Vivaldi : les mesures sociales à la loupe

Depuis le 1er octobre, nous avons un gouvernement. Dans son accord, les projets qui impactent les entrepreneurs et chefs de PME francophones sont nombreux et ambitieux. À première analyse, c’est mitigé. Débutons par le volet social.

Zéro cotisation sur le premier engagement

Commençons par le positif. Cette mesure, nous l’attendions avec impatience. C’est LA mesure du Tax shift qui comptait pour nous. Elle devait s’éteindre le 31 décembre. Elle sera prolongée. C’est ce que nous demandions dans notre mémorandum.

Le programme du gouvernement prévoit une évaluation de la mesure en 2021, avant une éventuelle réforme. Pourquoi pas, si c’est pour en améliorer l’efficacité.

Flexibilité

Le gouvernement s’est engagé à examiner des moyens pour améliorer la flexibilité du temps de travail. C’est très positif. Et ce n’est pas une mince affaire quand on sait que le cadre actuel date de… 1971!

Gouvernement et partenaires sociaux travailleront ensemble à cette réforme. Tant mieux, car nous avons beaucoup d’idées, et nos membres, beaucoup d’attentes.

Rediscuter des congés

Visiblement, le gouvernement souhaite rediscuter des congés avec les partenaires sociaux. C’est ce que nous demandions : un débat apaisé sur une refonte globale des systèmes de congés. Nous serons évidement attentifs à ce que la spécificité des PME soit respectée.

Pas que du positif

C’est manier l’euphémisme que de dire que ce programme gouvernemental ne contient pas que de bonnes nouvelles.

Côté charges financières, on note une volonté avérée, non d’augmenter l’impôt (!), mais de restreindre l’accès aux formules moins taxées d’avantages salariaux. Pas besoin d’un doctorat pour comprendre!

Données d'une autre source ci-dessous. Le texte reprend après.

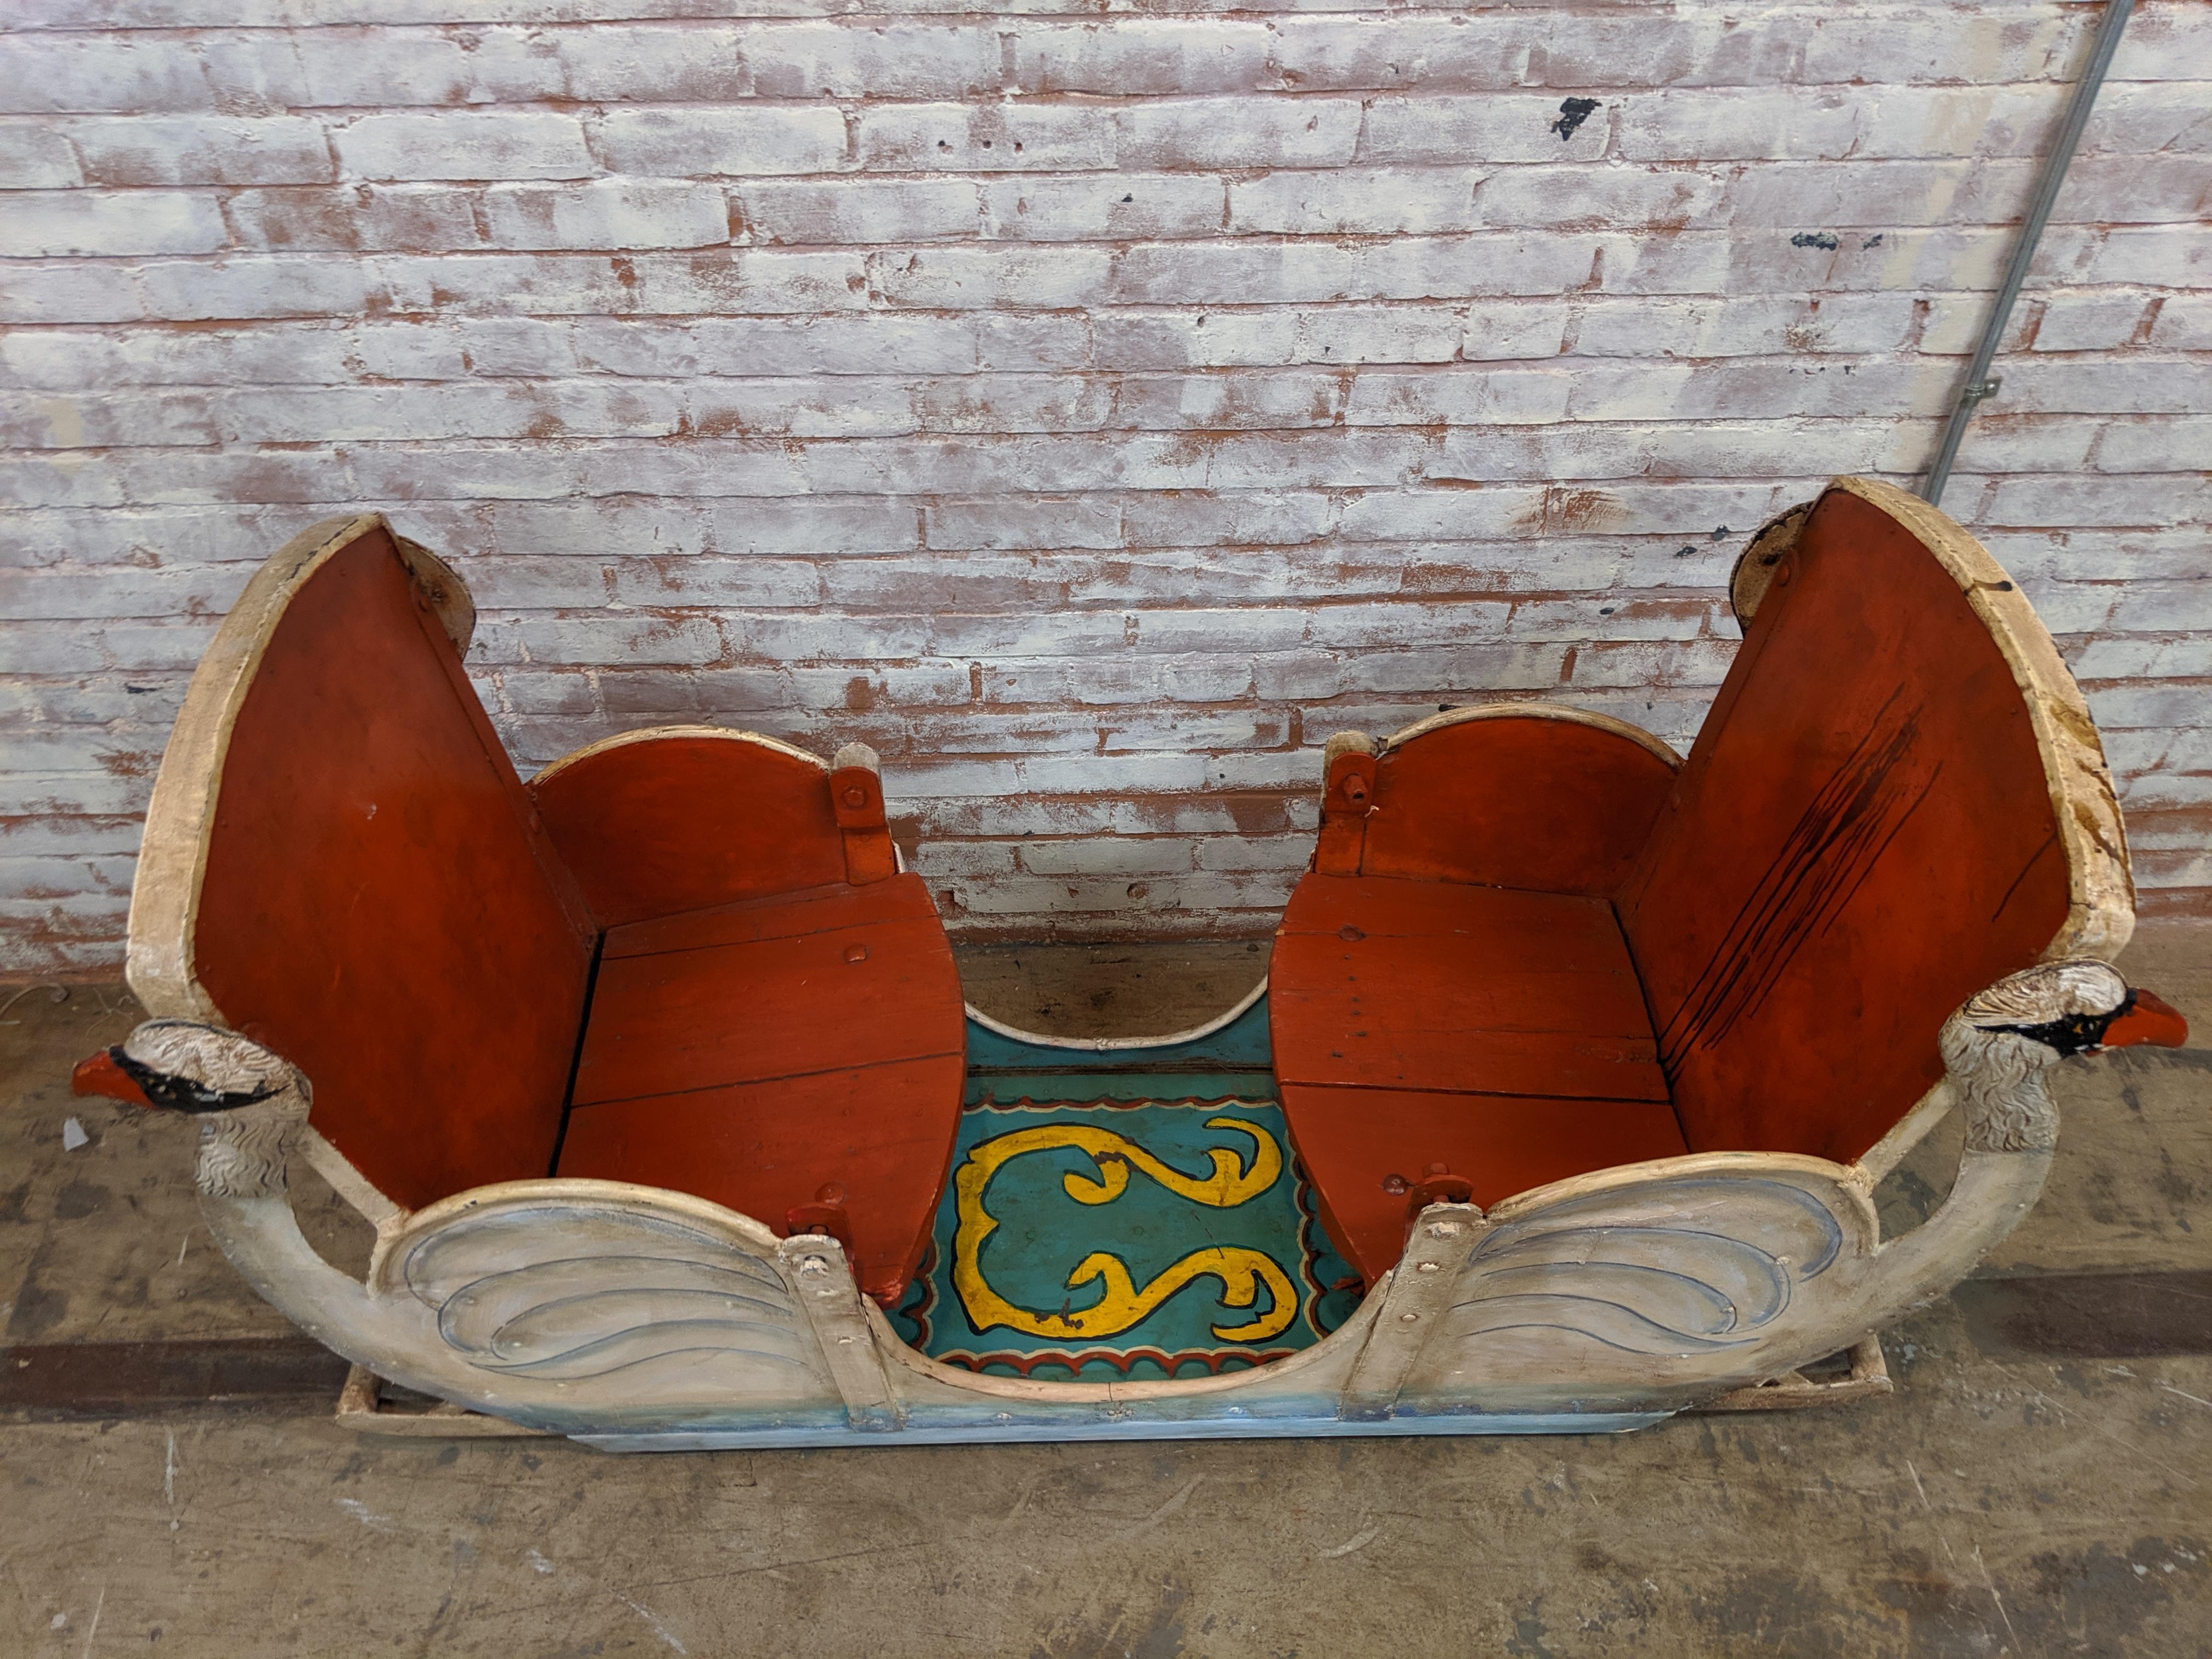 Vintage 20th century carousel seat with swan motif on all four sides. A great piece of Americana and super conversation piece. Constructed of metal and hand painted. The seats are wood but seat backs and sides are metal. Great piece to fill with

À surveiller aussi, la volonté de généraliser l’assurance groupe à tous les salariés. Même chose pour l’indemnité vélo. Ou encore la volonté d’imposer un droit individuel à la formation pour tous les salariés.

Côté nouvelles formalités, ce droit à la formation, encore lui, pourrait imposer la création/gestion d’un compte formation pour les entreprises. Par ailleurs, on constate une volonté du gouvernement de mettre éventuellement en place un droit à la déconnexion, qui selon nous, ne résout rien.

Enfin, parmi les mesures difficiles à classer, on voit difficilement comment le gouvernement va augmenter l’indemnisation mutuelle des salariés malades (plus d’un mois) sans augmenter les cotisations ONSS. Quant à l’instauration de “territoires zéro chômeurs” (emplois hyper subsidiés donc), on constate un risque patent de concurrence déloyale pour les vraies entreprises.

Et les voitures de société?

On lit également dans le texte gouvernemental que les voitures de société neuves devront être “vertes” d’ici 2026. On touche ici tant à la mobilité et l’environnement qu’à la question des salaires .C’est une équilibre délicat qu’il convient de manipuler avec précaution . Prudence, donc.